Risk Factors of Catheter-Related Thrombosis (CRT) in Cancer Patients: A Patient-Level Data (IPD) Meta-Analysis of Clinical Trials and Prospective Studies

W Saber *, T Moua *, E C Williams *, M Verso , G Agnelli , S Couban , A Young §, M De Cicco , R Biffi **, C J van Rooden ††, M V Huisman ††, D Fagnani ‡‡, C Cimminiello ‡‡, M Moia ¶¶, M Magagnoli ***, S P Povoski †††, S F Malak ‡‡‡, A Y Lee §§§
PMCID: PMC4282796  NIHMSID: NIHMS247627  PMID: 21040443

Abstract

Background

Knowledge of independent, baseline risk factors of catheter-related thrombosis (CRT) may help select adult cancer patients at high risk to receive thromboprophylaxis.

Objectives

We conducted a meta-analysis of individual patient-level data to identify these baseline risk factors.

Patients/Methods

MEDLINE, EMBASE, CINAHL, CENTRAL, DARE, Grey literature databases were searched in all languages from 1995-2008.

Prospective studies and randomized controlled trials (RCTs) were eligible. Studies were included if original patient-level data were provided by the investigators and if CRT was objectively confirmed with valid imaging.

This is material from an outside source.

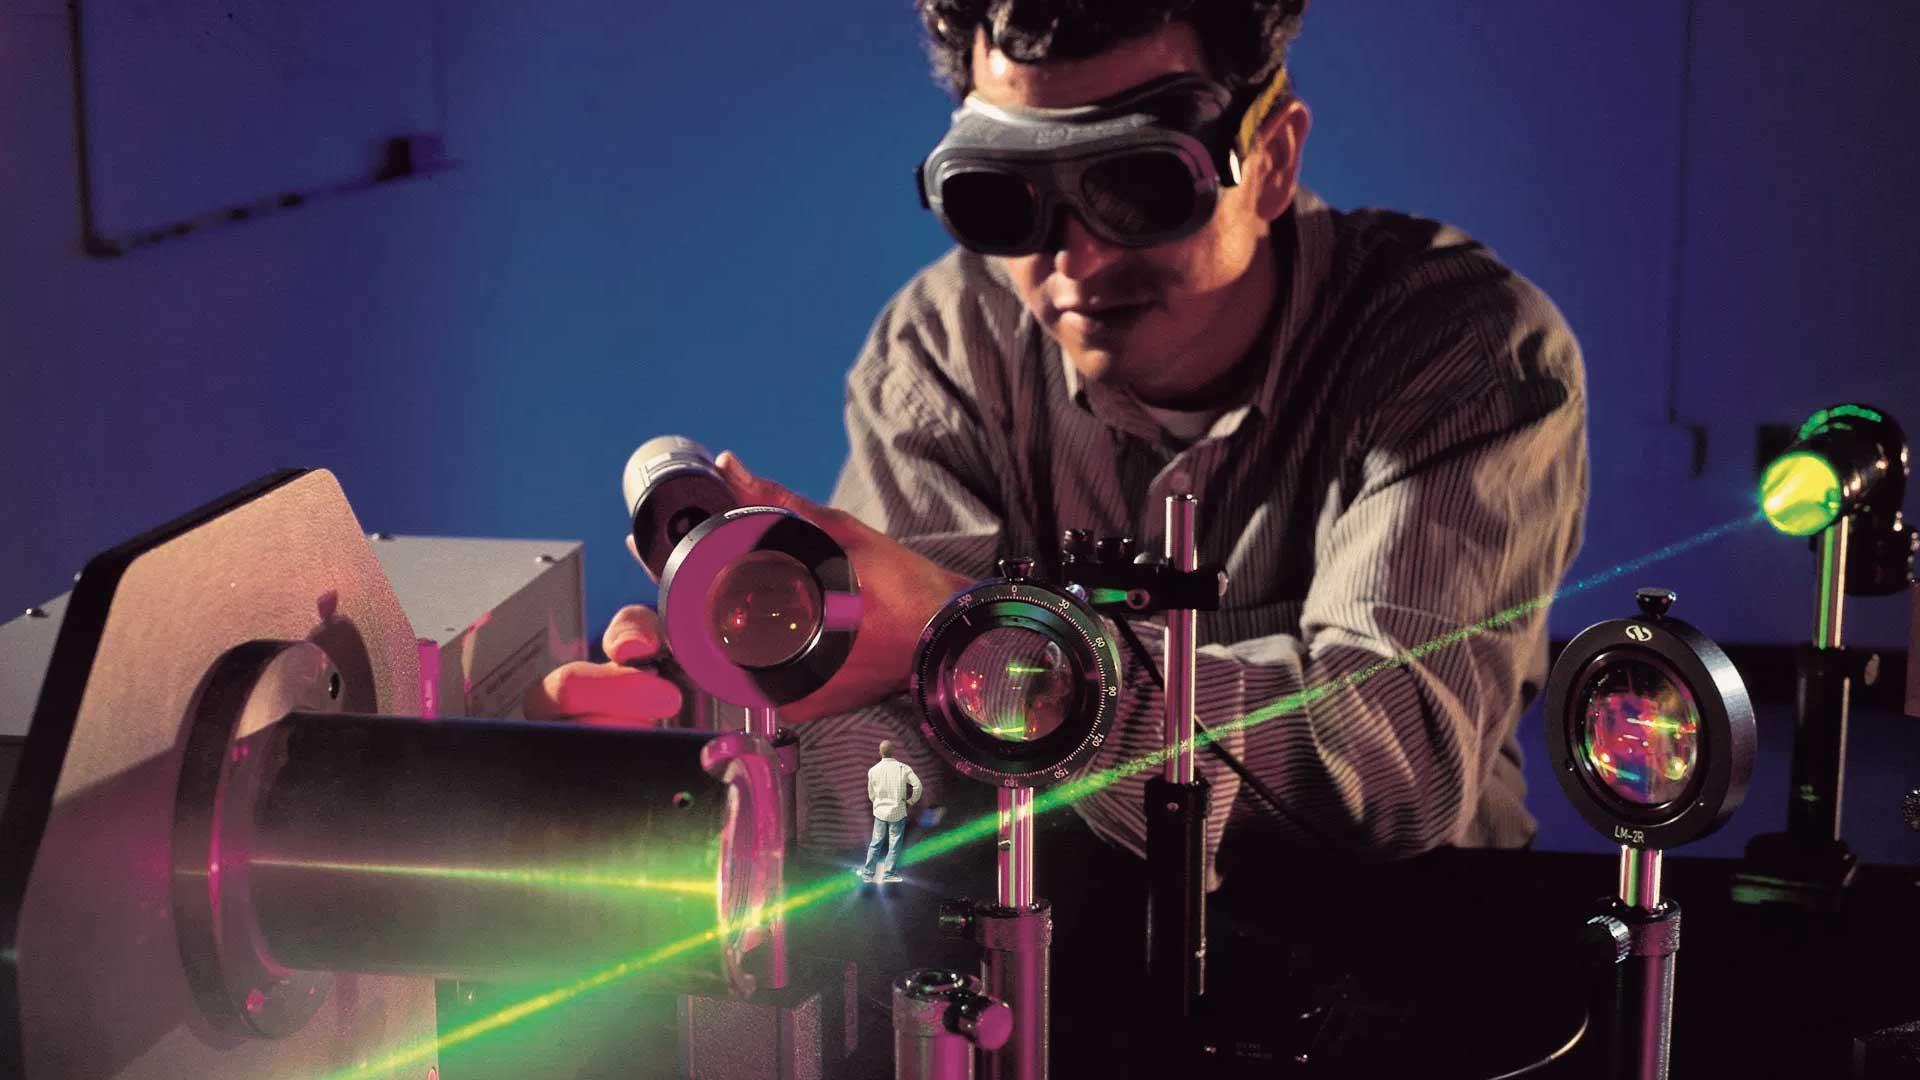 Científicos logran encoger objetos por primera vez en la historia de la humanidad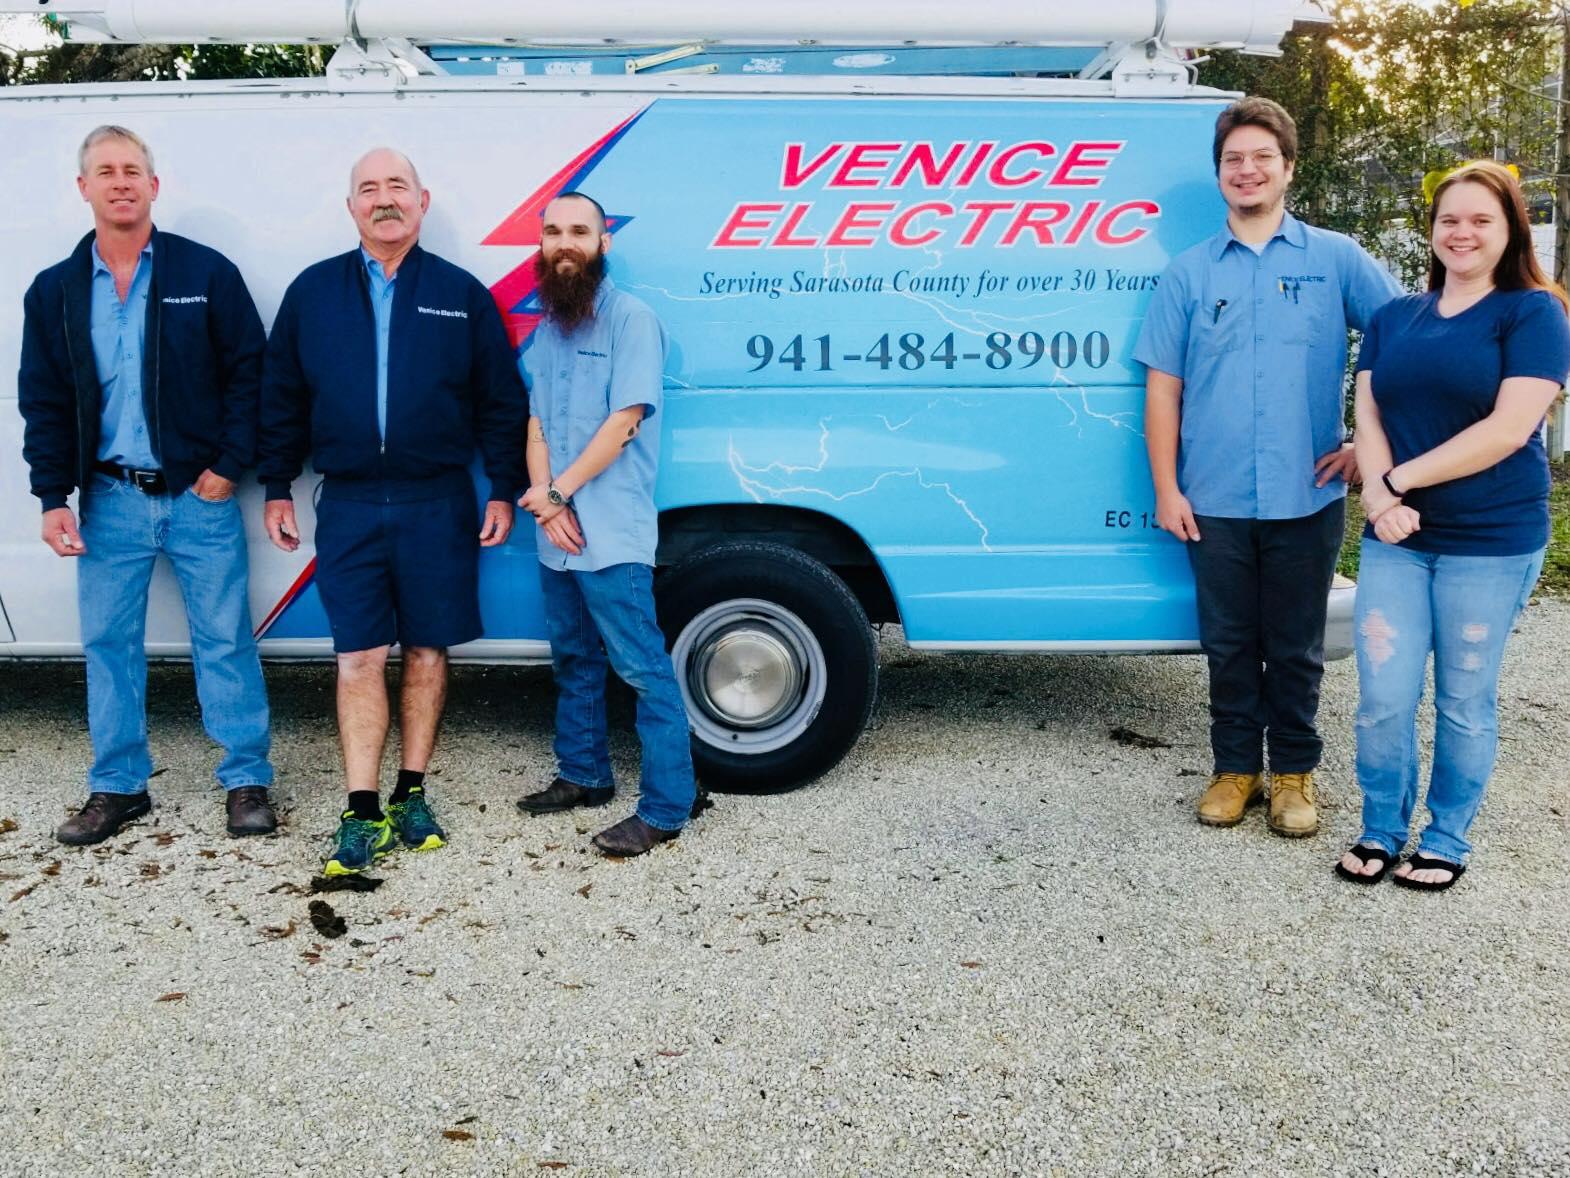 Venice Electric

Multivariate logistic regression analysis of 17 prespecified baseline characteristics was conducted. Adjusted odds ratios (OR) and 95% confidence intervals (CI) were estimated.

Results

A total sample of 5636 subjects from 5 RCTs and 7 prospective studies was included in the analysis. Among these subjects, 425 CRT events were observed. In multivariate logistic regression, the use of implanted ports as compared with peripherally implanted central venous catheters (PICC), decreased CRT risk (OR = 0.43; 95% CI, 0.23-0.80), whereas past history of deep vein thrombosis (DVT) (OR = 2.03; 95% CI, 1.05-3.92), subclavian venipuncture insertion technique (OR = 2.16; 95% CI, 1.07-4.34), and improper catheter tip location (OR = 1.92; 95% CI, 1.22-3.02), increased CRT risk.

Conclusions

CRT risk is increased with using PICC catheters, previous history of DVT, subclavian venipuncture insertion technique and improper positioning of the catheter tip. These factors may be useful for risk stratifying patients to select those for thromboprophylaxis. Prospective studies are needed to validate these findings.

Keywords: Catheter-related thrombosis, risk factors, meta-analysis, cancer, thromboprophylaxis, adults

INTRODUCTION

Indwelling central venous catheters (CVCs) are widely used to facilitate treatment in cancer patients. It is estimated that in the United States more than 5 million CVCs are inserted annually, with a significant proportion being used in cancer patients[1, 2]. These devices have revolutionized clinical practice and resulted in major improvements in the quality of care. Importantly, CVCs allow administration of intravenous therapy at home, thereby improving patients’ quality of life and reducing health care costs. However, these benefits come with a price. Many complications have been associated with the use of these devices, including catheter-related thrombosis (CRT), infection and other serious consequences[1, 3].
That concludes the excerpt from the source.